Structurally, AI is being treated as a general-purpose technology whose economic impact should spill across sectors, not just the initial hardware beneficiaries. If retirement and passive flows keep supporting equities, the regime favors recurring rotations within an uptrend rather than a one-shot tech mania.
The current equity pullback is a digestion phase after a ferocious rally, especially in semiconductors and AI hardware.
She explicitly calls the move a rally pause and ties it to stretched valuations and sensitivity to uncertainty.
The jobs report should not be read as bad news for the market because it showed labor strength without clear inflation reacceleration.
She argues that good labor data can be positive if it does not force the Fed to tighten its stance.

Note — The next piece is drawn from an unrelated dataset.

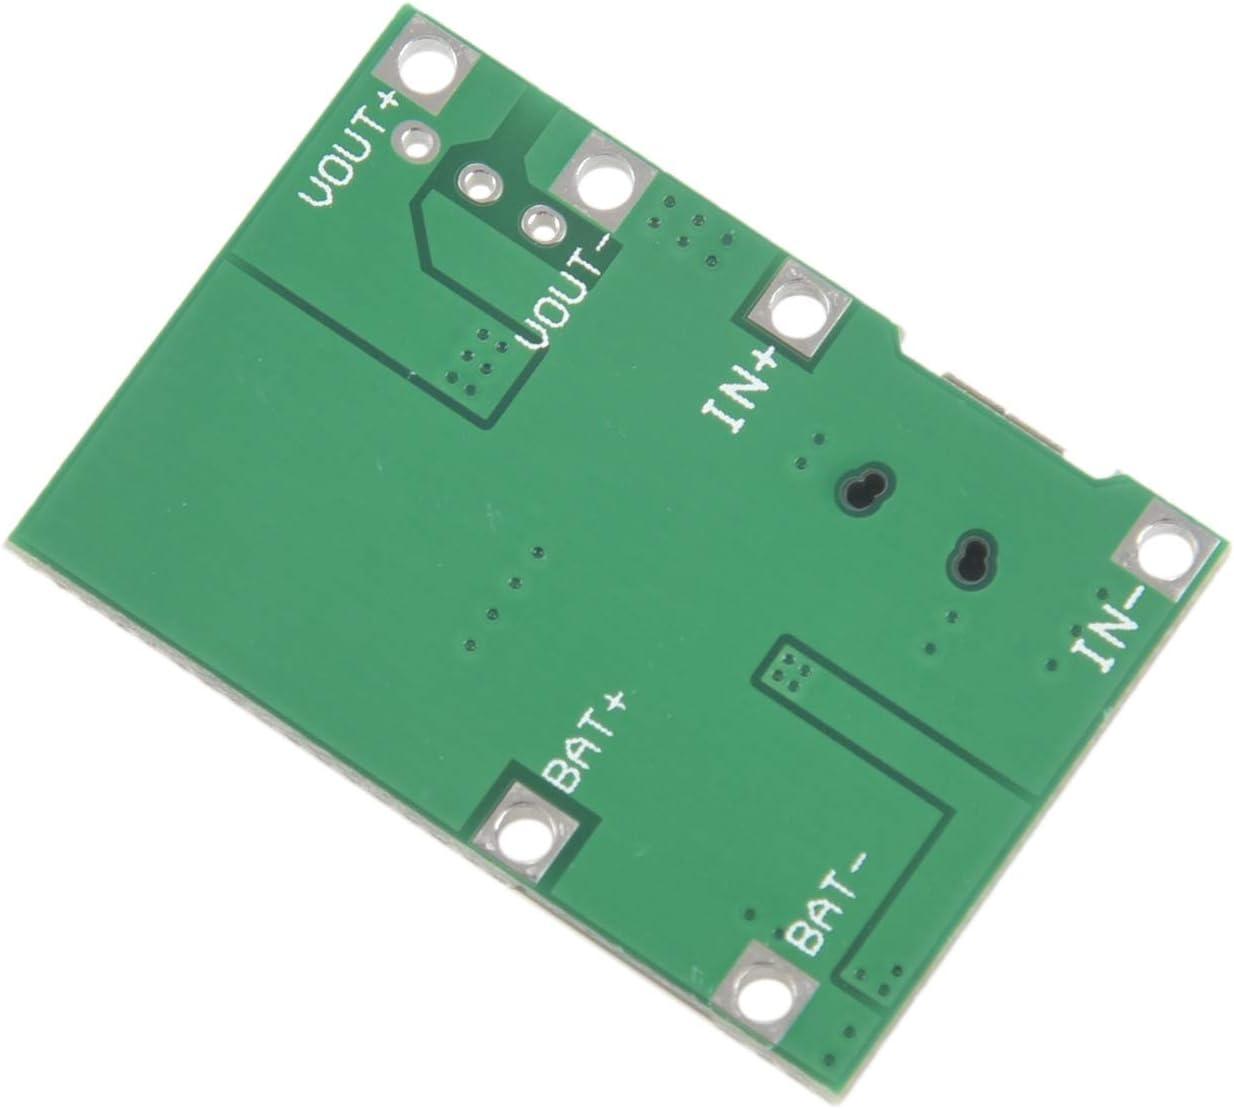 BKAUK 3.7V 9V 5V 2A Modulo Integrato di Ricarica per Batterie al Litio Step Up 18650 Regolabile
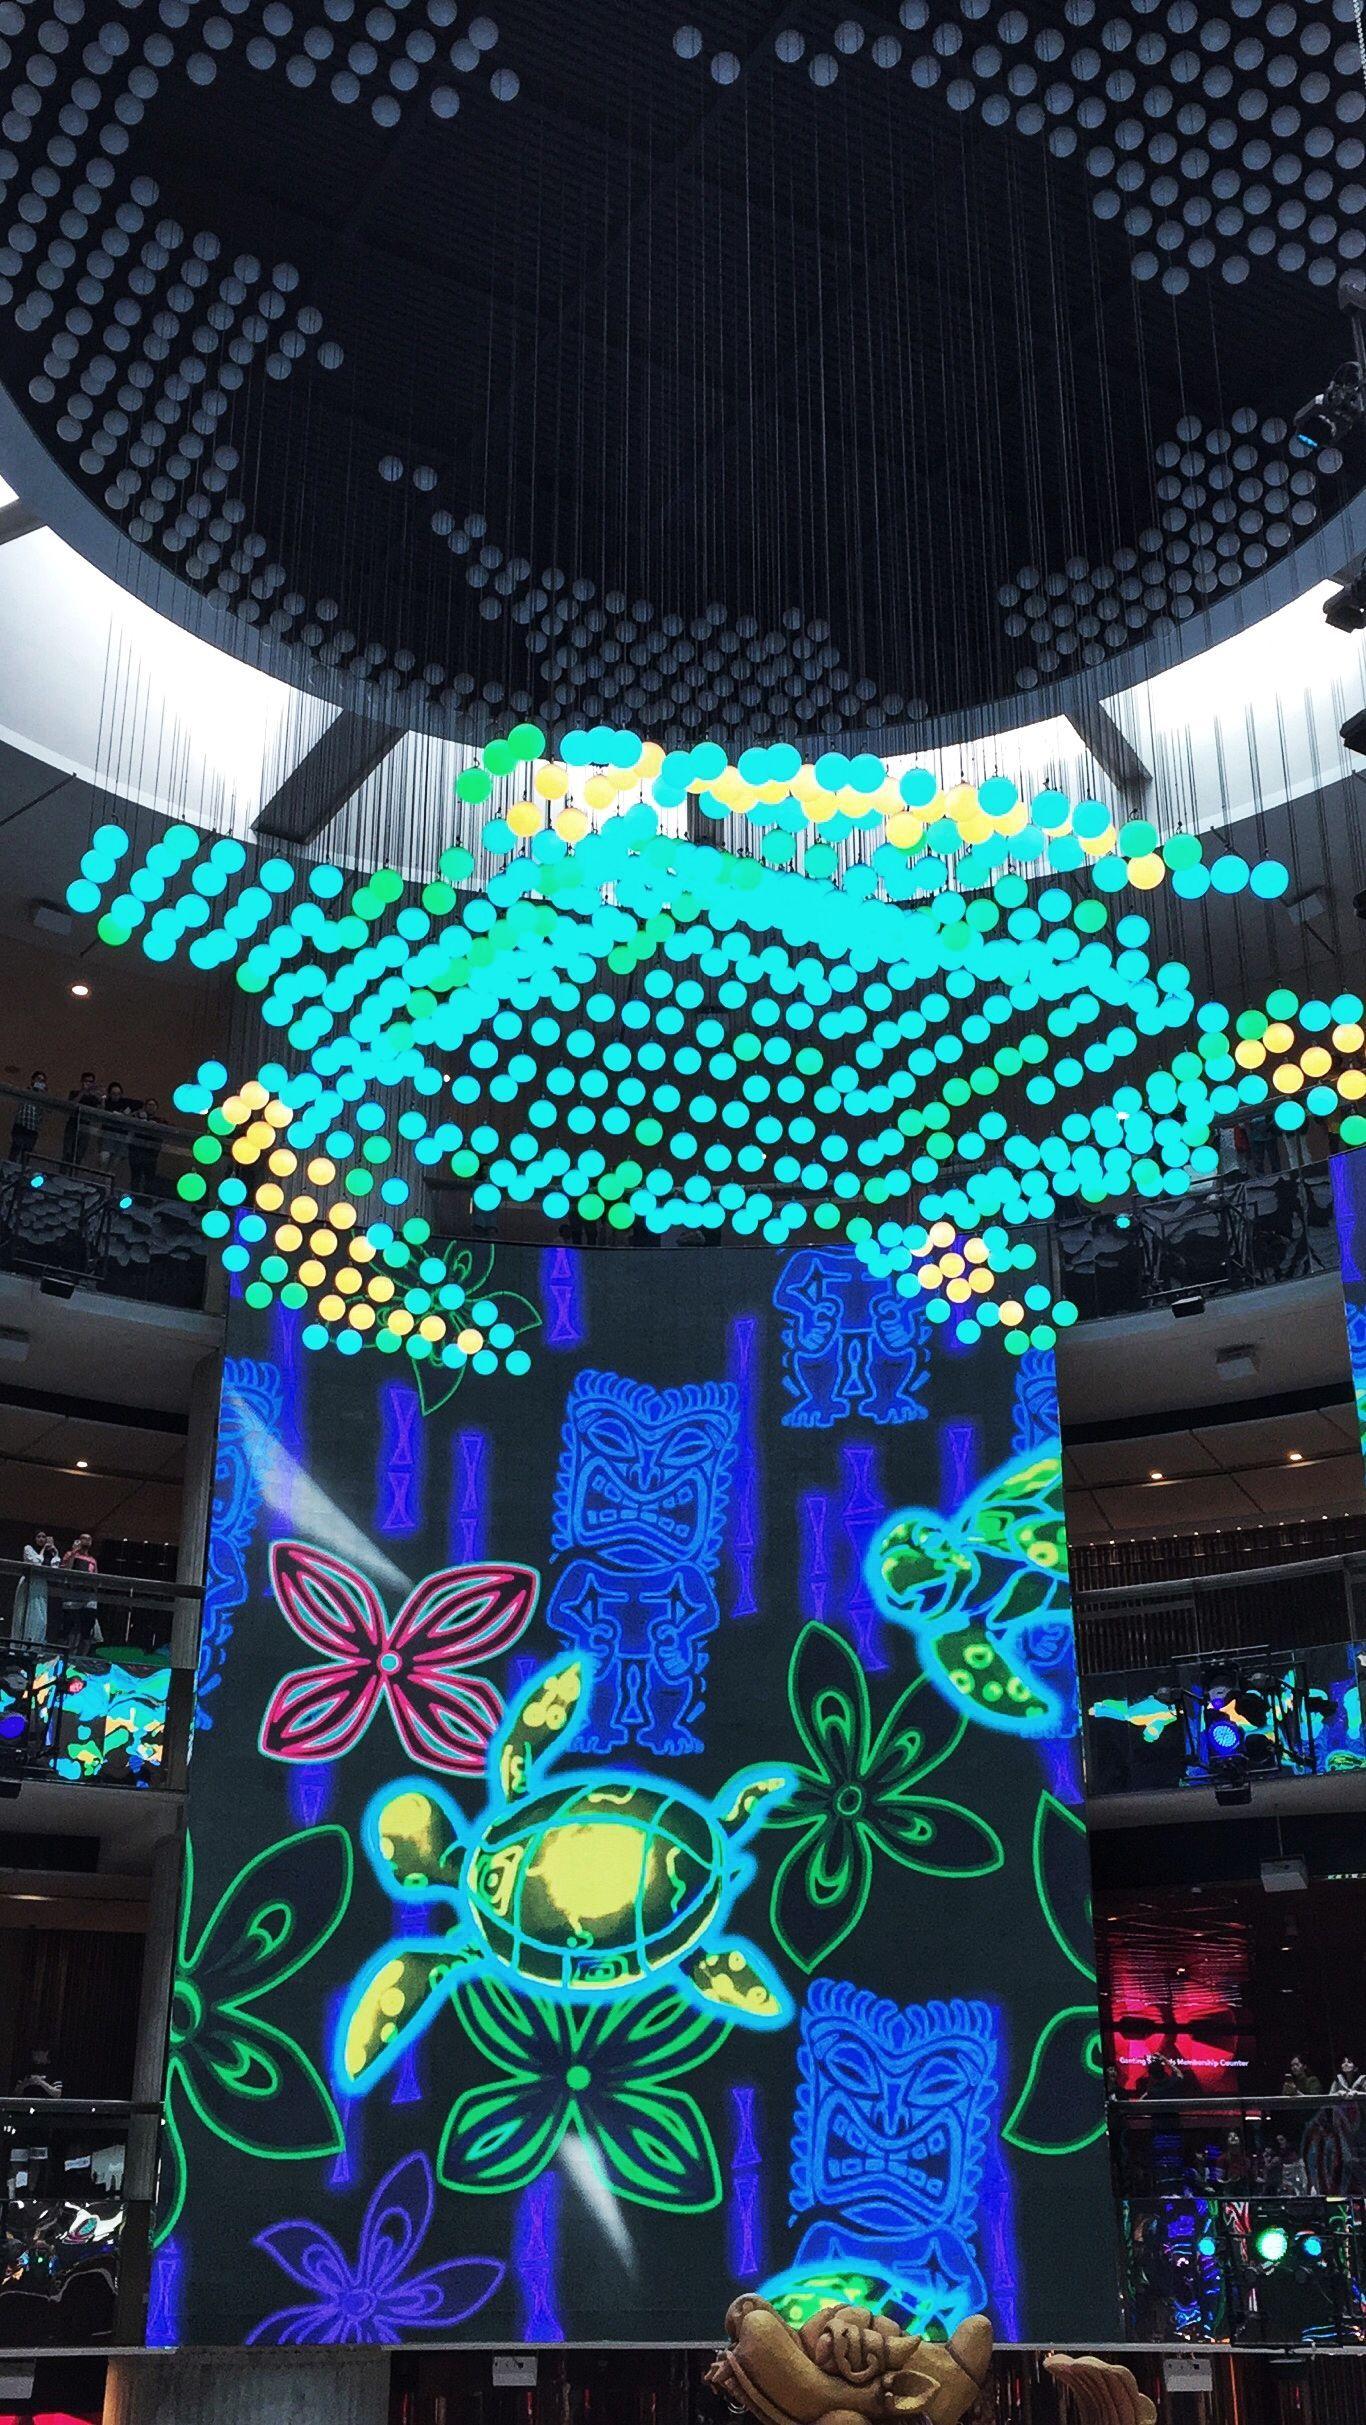 Wisata Menantang Sekaligus Seru di Resort World Genting Malaysia

AI opportunity is broader than semiconductors and should extend into software, workflow redesign, and worker retraining.
She uses the Brynjolfsson internet-era analogy to argue for complementary spending beyond hardware.
What's your interpretation of exactly how we're seeing this equity pullback play out?
Stephanie says the rally has been ferocious, particularly in semiconductors which nearly doubled year-to-date. She attributes the pullback to high expectations and sensitivity to uncertainty in the second half. She disagrees with the negative market reaction to the jobs report, arguing good news can be good news — the labor market strengthened without affirming inflation, and there's no sign of wage inflation firming.
What are some areas that haven't been fully reflective of the AI opportunity?
Stephanie cites a 2002 report from Erik Brynjolfsson showing that for every $1 spent on computer hardware in the internet era, firms spent $9 on complementary investments like retraining, software, and workflow redesign. While it won't be the same 1-to-9 ratio for AI, she believes we're in early innings of that complementary spend — companies expect to increase AI spend per employee by 50% according to an Atlanta Fed survey, and that may not yet be priced into markets.
How should investors think about the massive increase in new stock issuance (SpaceX IPO, Alphabet secondary, etc.) and the potential that this is a seller's market?
Stephanie says investors should buckle up for volatility but notes that since 1990 the number of public companies has halved to 4,000, while structural demand from 401(k) contributions and passive inflows remains strong. She believes the market can digest the new issuance this year with some volatility along the way, so long as there's a reason to invest.